(RECORDED DATA)

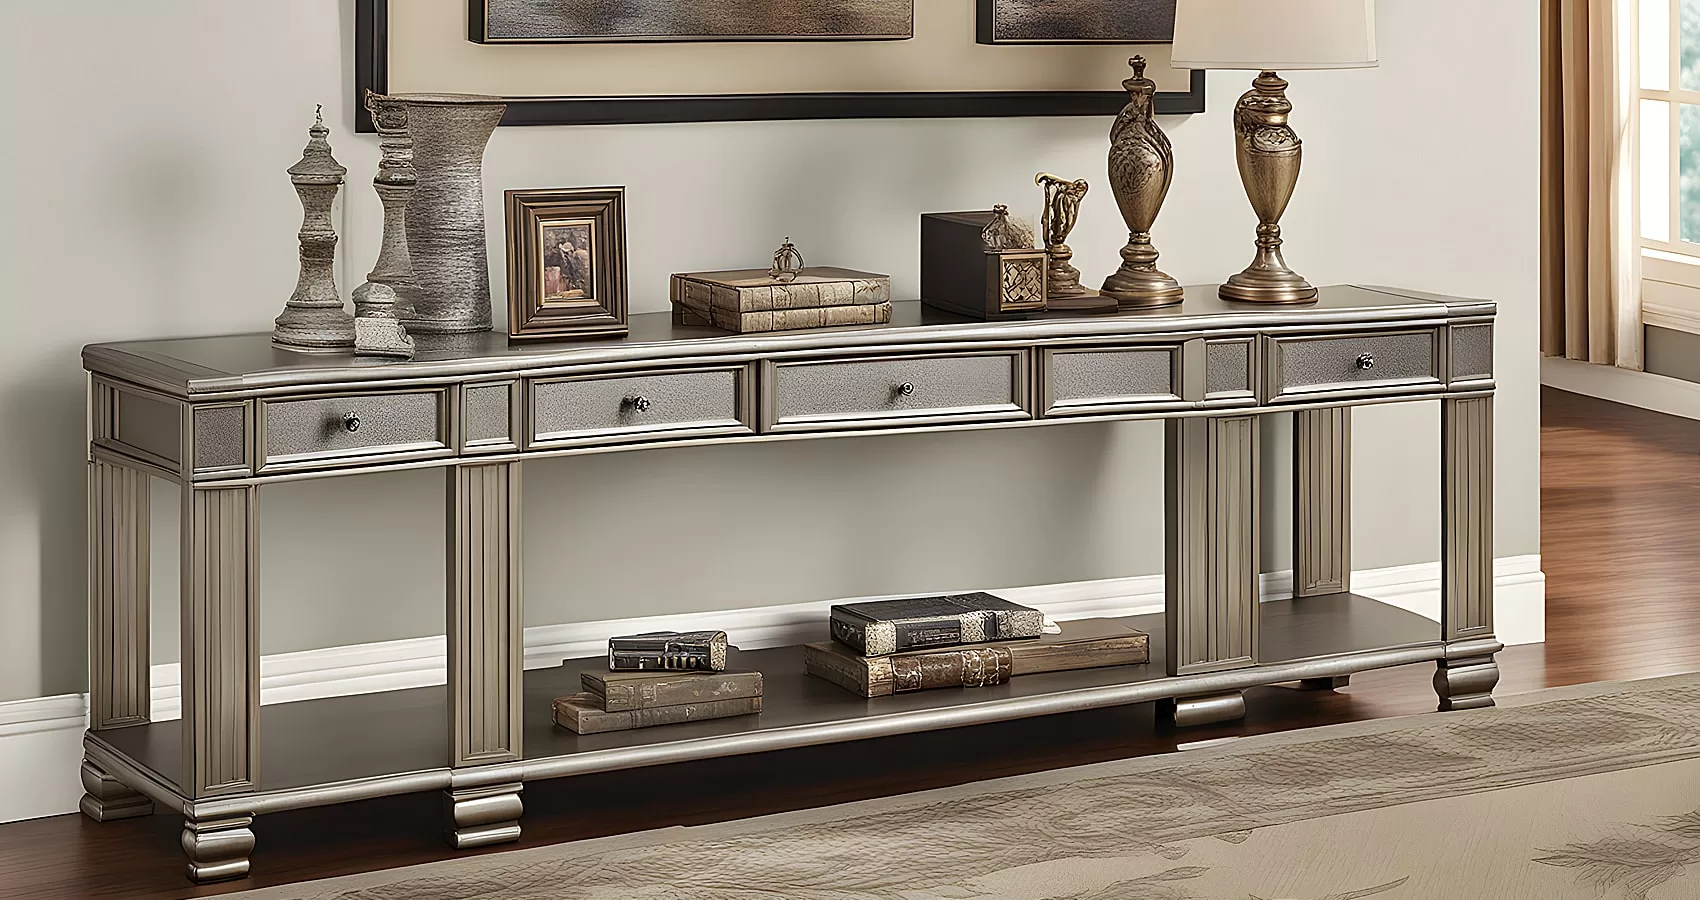 Metallic Finishes SOFA TABLE WITH DRAWERS Copy Min Jpg.webp
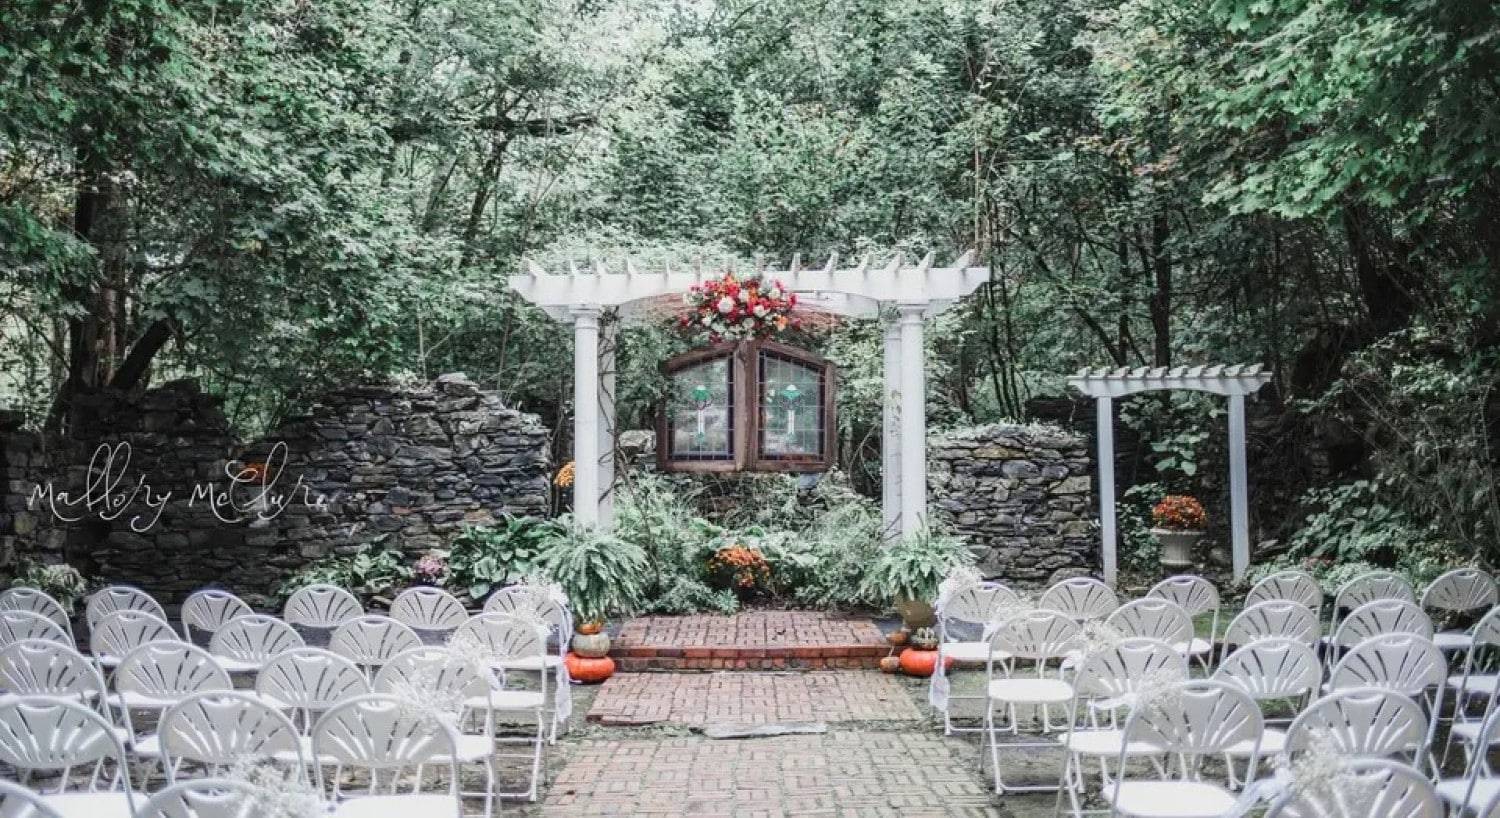 A gorgeous white pergola and chairs set up for a wedding, set among towering trees and green landscaping
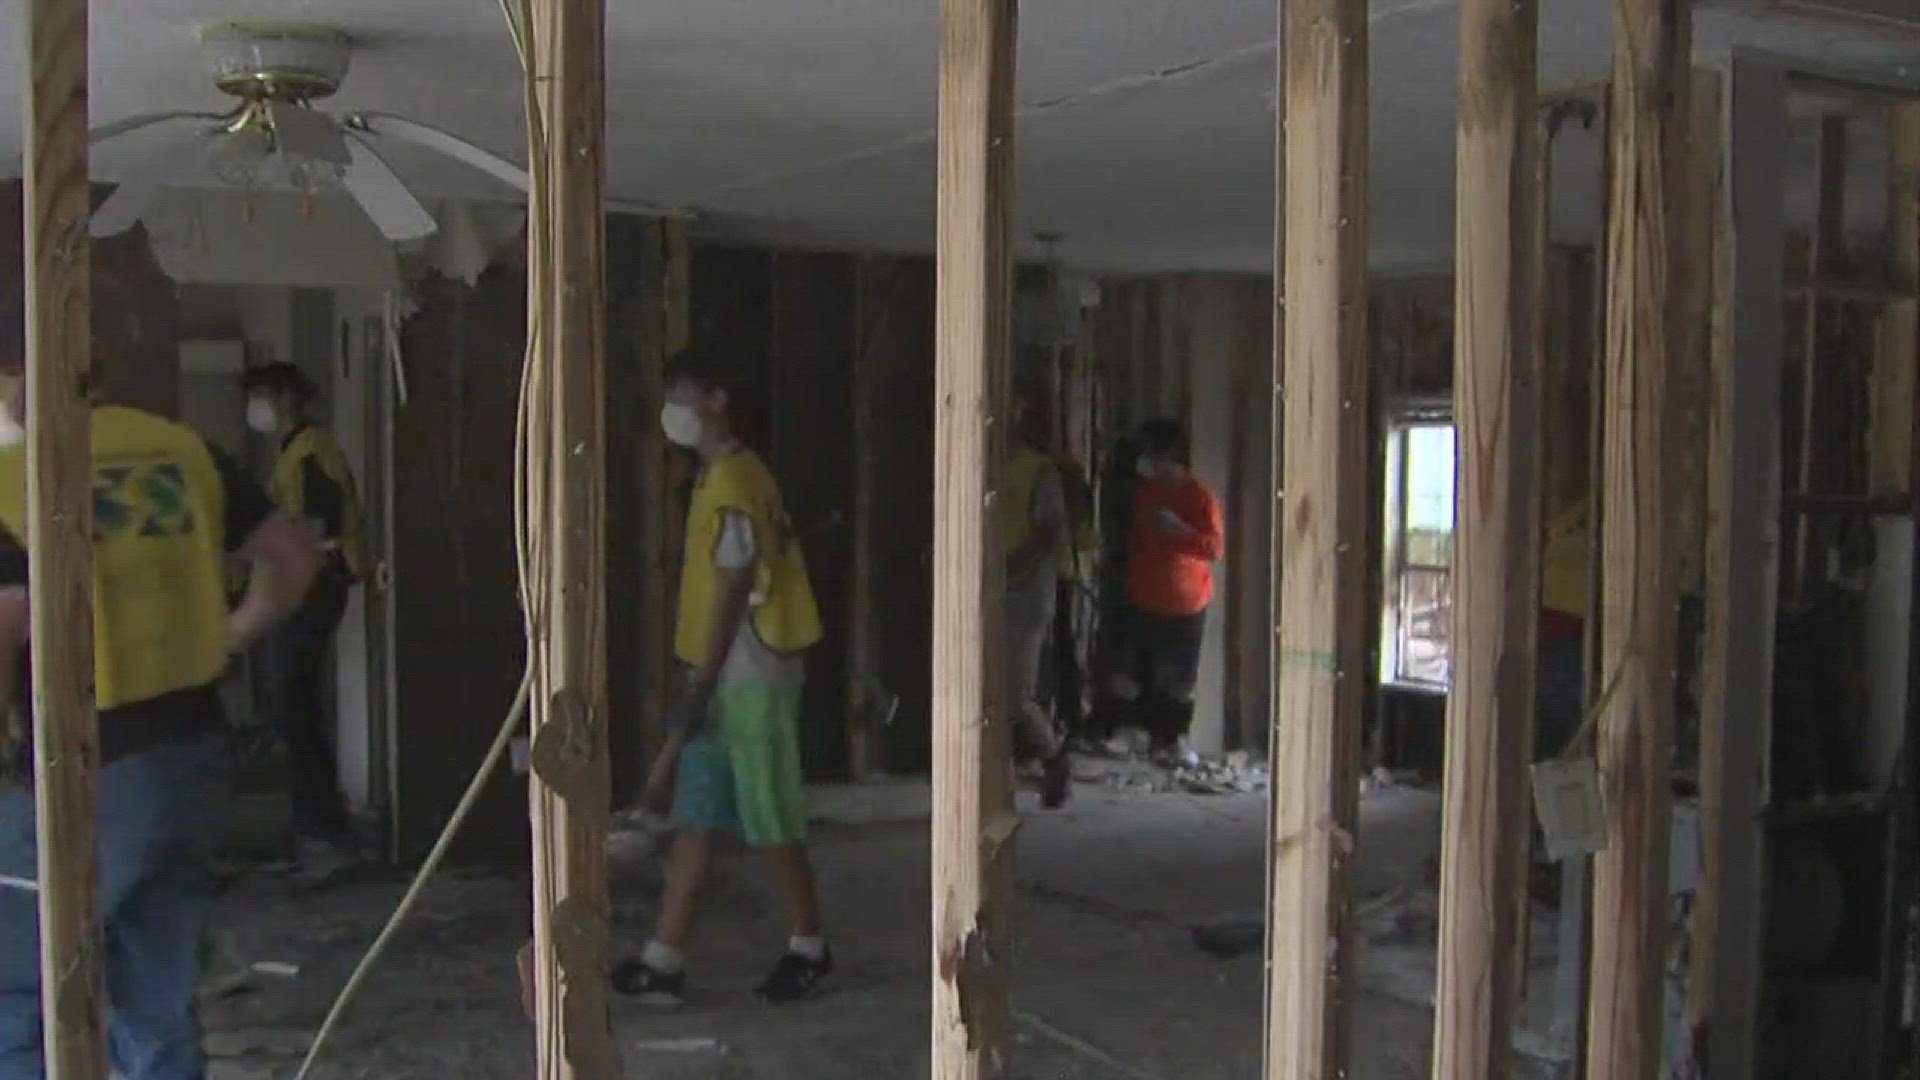 Over 3,000 volunteers from the Dallas-Fort Worth area came to help clean up houses in Southeast Texas
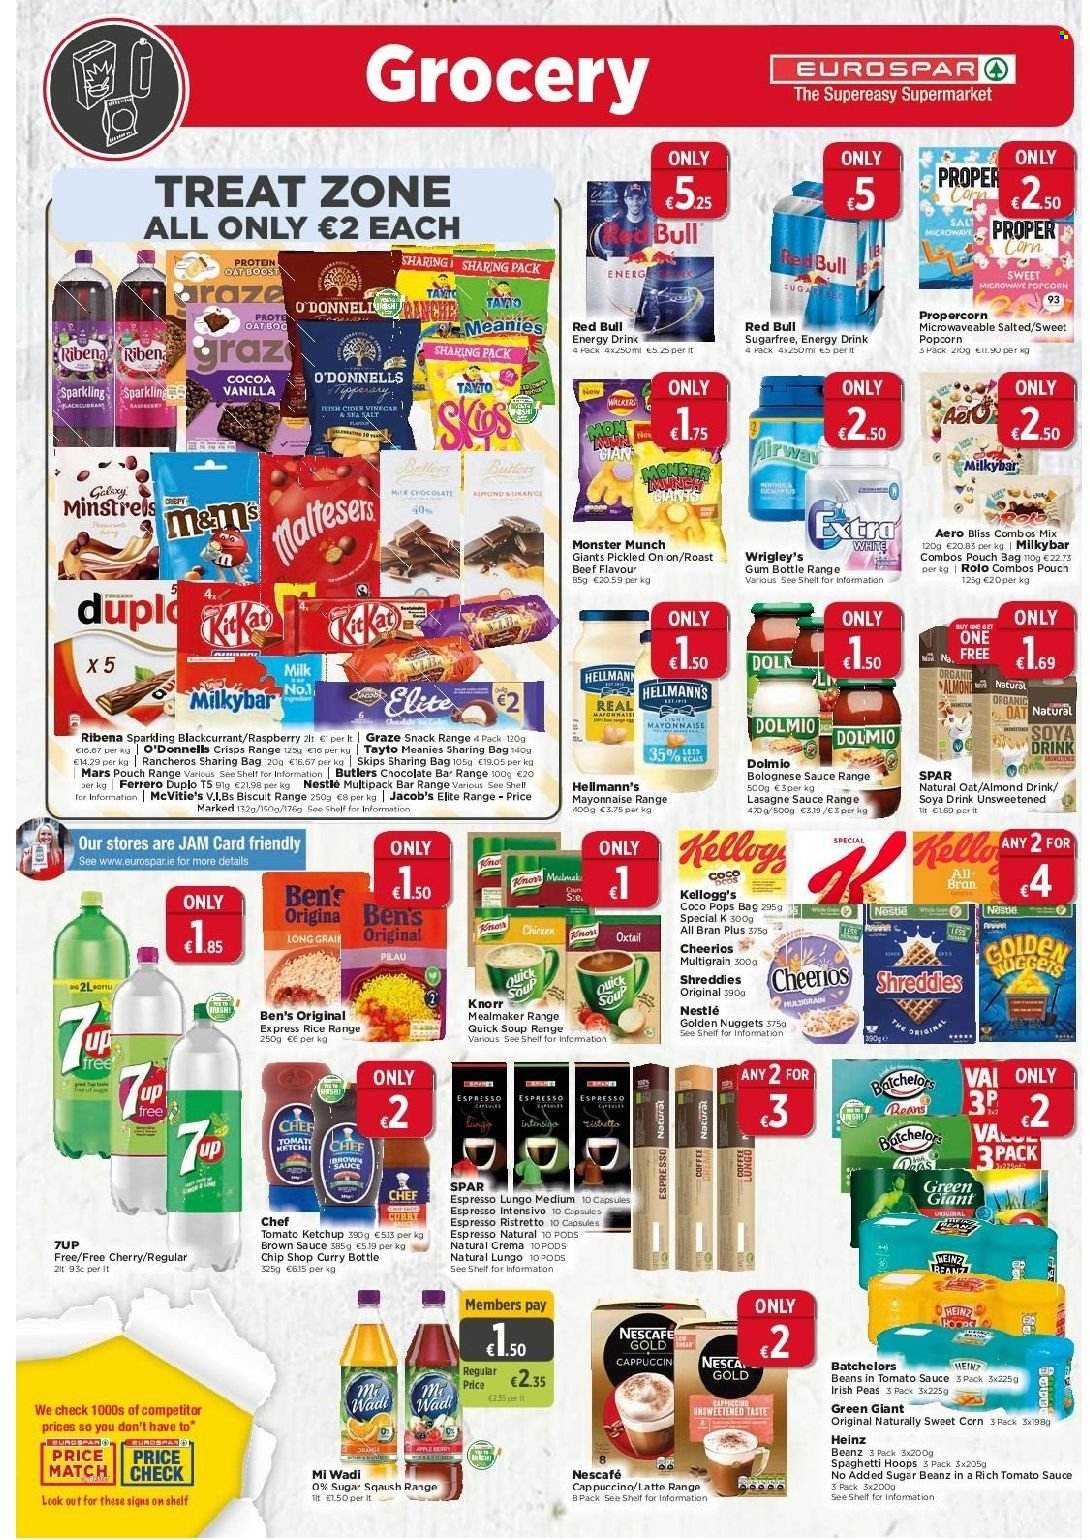 EUROSPAR offer  - 9.9.2021 - 29.9.2021 - Sales products - beans, corn, peas, sweet corn, cherries, spaghetti, soup, nuggets, Knorr, bolognese sauce, milk, mayonnaise, Hellmann’s, Nestlé, chocolate, snack, Ferrero Rocher, Mars, Monster Munch, Kellogg's, biscuit, Milky bar, TAYTO, popcorn, cocoa, oats, Heinz, Cheerios, coco pops, rice, ketchup, brown sauce, jam, Graze, energy drink, Monster, 7UP, Red Bull, Boost, cappuccino, Nescafé, Intenso, cider, beef meat, oxtail, roast beef. Page 6.

(End RECORDED DATA)

▶ [BRIEF] The full listing must come back exactly as written, with its pictures left out.

▶ [TASK ANSWER]
 Metallic Finishes SOFA TABLE WITH DRAWERS Copy Min Jpg.webp
 A gorgeous white pergola and chairs set up for a wedding, set among towering trees and green landscaping
 Over 3,000 volunteers from the Dallas-Fort Worth area came to help clean up houses in Southeast Texas
 EUROSPAR offer  - 9.9.2021 - 29.9.2021 - Sales products - beans, corn, peas, sweet corn, cherries, spaghetti, soup, nuggets, Knorr, bolognese sauce, milk, mayonnaise, Hellmann’s, Nestlé, chocolate, snack, Ferrero Rocher, Mars, Monster Munch, Kellogg's, biscuit, Milky bar, TAYTO, popcorn, cocoa, oats, Heinz, Cheerios, coco pops, rice, ketchup, brown sauce, jam, Graze, energy drink, Monster, 7UP, Red Bull, Boost, cappuccino, Nescafé, Intenso, cider, beef meat, oxtail, roast beef. Page 6.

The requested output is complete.